TANJUNGPANDAN-Pupus sudah harapan Estiandi Permata alias Aeng (19) warga Jalan Teuku Umar RT 08 untuk bisa berlebaran bersama keluarganya. Pasalnya, pria yang sehari-hari bekerja serabutan ini, diamankan Tim Satgassus anti Bandit dan jajaran Polsek Tanjungpandan, Sabtu (4/7) malam lalu. Bisa jadi, Idul Fitri akan dilalui Aeng di dalam bui.
Aeng ditangkap lantaran terlibat kasus pencurian laptop di salah satu Sekolah Menengah Kejuruan Swasta di Belitung, (14/12) tahun lalu. Dia melancarkan aksinya bersama ketiga temannya yang masih di bawah umur. Tiga rekan Aeng yakni AG (14)  dari Air Serkuk, AP (16) NW (15) warga Kampong Amau, Tanjungpandan.

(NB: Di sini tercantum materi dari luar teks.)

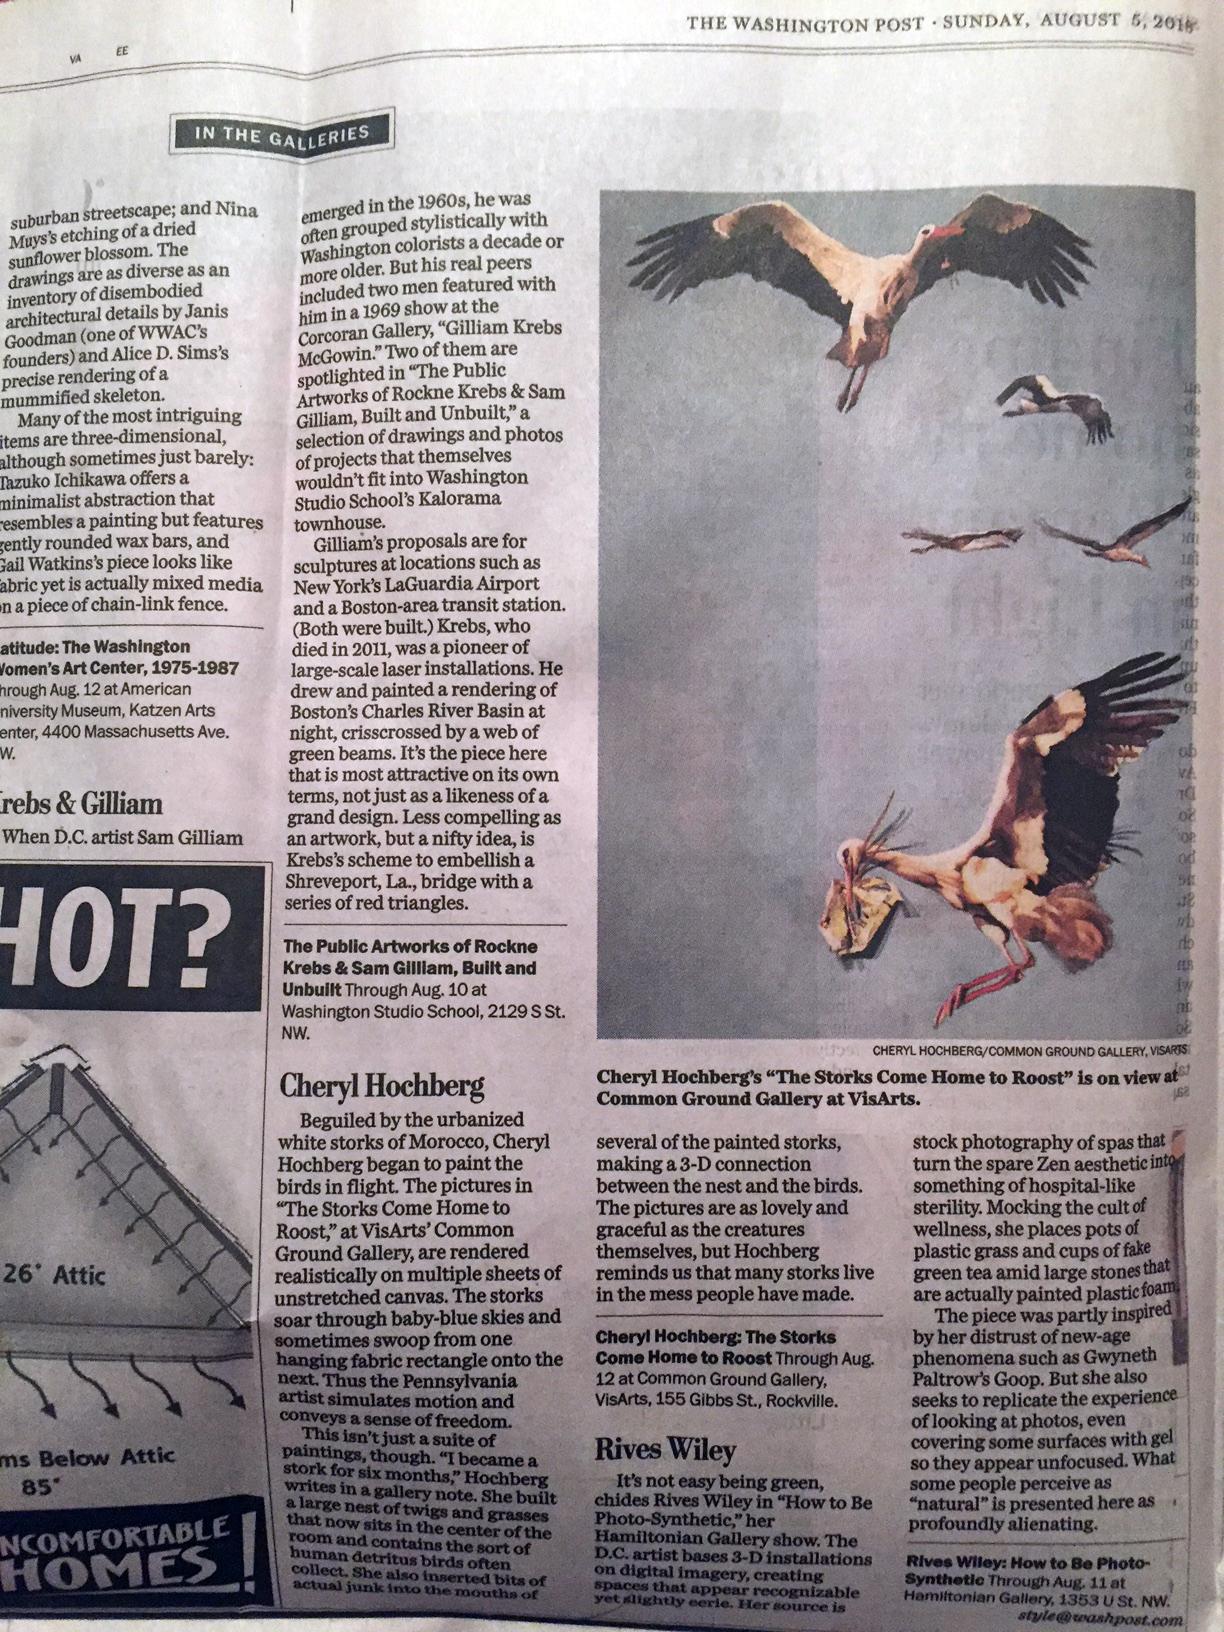 Washington Post review

Peristiwa ini terbongkar saat polisi mengamankan AP, lantaran kasus pencurian gitar beberapa waktu lalu di Air Merbau. Setelah diselidiki dan diintrogasi, dia mengakui selain mencuri gitar ia juga mencuri laptop. Setelah itu dilakukan pengembangan oleh polisi.
Dari penyidikan ini, AP mengaku mencuri Laptop bersama ketiga rekannya, salah satunya Aeng. Mengetahui hal tersebut, ketiga orang ini, NW, Aeng, AG dijemput dikediamannya masing-masing.
Plh Kapolsek Tanjungpandan Kompol Abdul Azis seizin Kapolres Belitung AKBP Candra Sukma Kumara mengatakan, empat pemuda ini dipastikan adalah tersangka pencurian laptop di salah satu SMK, Desember lalu. “Barang bukti sudah kami amankan di Polsek Tanjungpandan. Yakni tiga unit laptop dan tiga unit notebook. Selain itu, kami juga mengamankan barang bukti dua unit sepeda motor yang digunakan pelaku untuk melancarkan aksinya,” ujar Kompol Abdul Azis.
Dijelaskan Kompol Abdul Azis, saat ini pelaku yang ditahan hanya Aeng. Sedangkan ketiganya yakni NW, AG dan AP tidak ditahan, melainkan hanya wajib lapor. Sebab, ketiganya masih di bawah umur dan proses diversi ( Pengalihan penyelesaian perkara pidana anak dari peradilan pidana ke proses di luar peradilan pidana).
“Itu permintaan dari para orang tua. Mereka (ketiga tahanan,Red) hanya diwajibkan lapor tiap hari. Dan selama mereka di rumah, para orang tua dan RT setempat harus mengawasi anak tersebut,” kata Kompol Abdul Azis.
“Dan untuk pemeriksaan ketiga tersangka ini, kami meminta bantuan kepada Bapas (Badan Lembaga Pemasyarakatan ) Kelas IIB Cerucuk. Sebab, ketiga bocah ini masih di bawah umur dan memerlukan pendampingan,” sambungnya.
Meski mereka tidak ditahan. Namun, proses hukum tetap berlanjut ke Pengadilan. Sebab mereka terbukti melanggar Pasal  363 ayat 1 ke 3 4 dan 5. “Yakni melakukan pencurian, meloncat pagar dan secara bersamaan. Ancaman hukuman di atas tujuh tahun penjara,” tuturnya.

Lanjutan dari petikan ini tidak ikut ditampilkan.